Sunday, March 13, 2011

I think I have Hazlitt's problem with Michelangelo



More and more, I respect William Hazlitt. I would always have conceded his genius as an essayist and polemicist (not the same thing, unless you're a Republican); but I never would have thought to mature with affinity for his arbitration of Romanticism's distinction between imagination and understanding, as life seems to encourage these days.


From my father's example I acquired the gift for feeling love for a man where, to most people, I suppose gratitude would have to do. His response to Michelangelo locates an unease I regard as natural and undeniable, yet so percipient as to be attractive and brave.

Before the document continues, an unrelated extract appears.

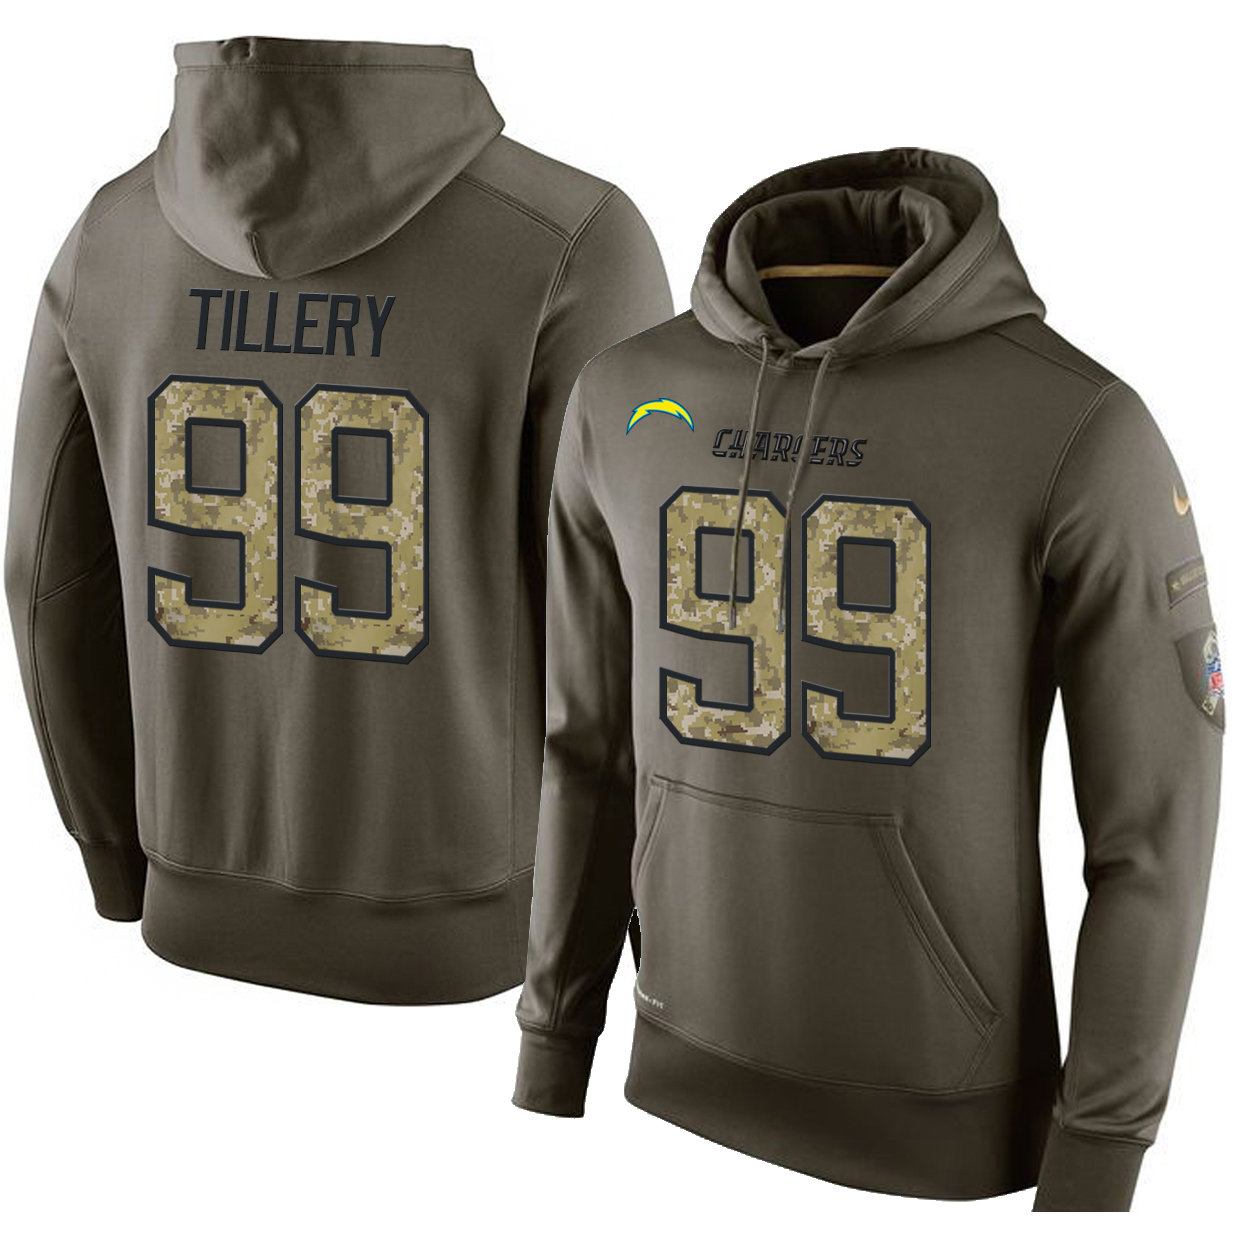 Football Men's Los Angeles Chargers #99 Jerry Tillery Stitched Green Olive Salute To Service KO Performance Hoodie

We are likely always to have to deal with Michelangelo's grandeur, but with Hazlitt's perspective I think we can heal ourselves of idolatry. We desire this relationship with a cre-ative form which is about ourselves, unless we are Republican and need one to dominate us. With On Gusto, he begins:


Michelangelo's forms are full of gusto. They everywhere obtrude the sense of power upon the eye. His limbs convey an idea of muscular strength, of moral grandeur, and even of intellectual dignity: they are firm, commanding, broad, and massy, and capable of executing with ease


the determined purposes of the will. His faces have no other expression than his figures, conscious power and capacity. They appear only to think what they shall do, and to know that they can do it .. the gusto of Michelangelo consists in expressing energy of will without proportionable sensibility.


A false and tragic, sterile eroticism hoists this famous figure as its idol to this day. It was important for Hazlitt to detect the automaton within the mold we know so well. It was important for Simone Weil to frame its character for us in her wartime masterpiece on the Iliad: 


The true hero, the true subject, the center of the Iliad is force. Force employed by man, force that enslaves man, force before which man's flesh shrinks away - that 'x' that turns anybody who is subjected to it into a thing.



Hazlitt's great essay on Coriolanus anticipates Weil's reading of the Iliad completely, and illustrates the comparison he draws in On Gusto, between Michelangelo and Correggio - In Correggio's faces as well as figures we see neither bones nor muscles, but then what a soul is there, full of sweetness and of grace .. There is sentiment enough in a hand painted by Correggio to set up a school of history painters.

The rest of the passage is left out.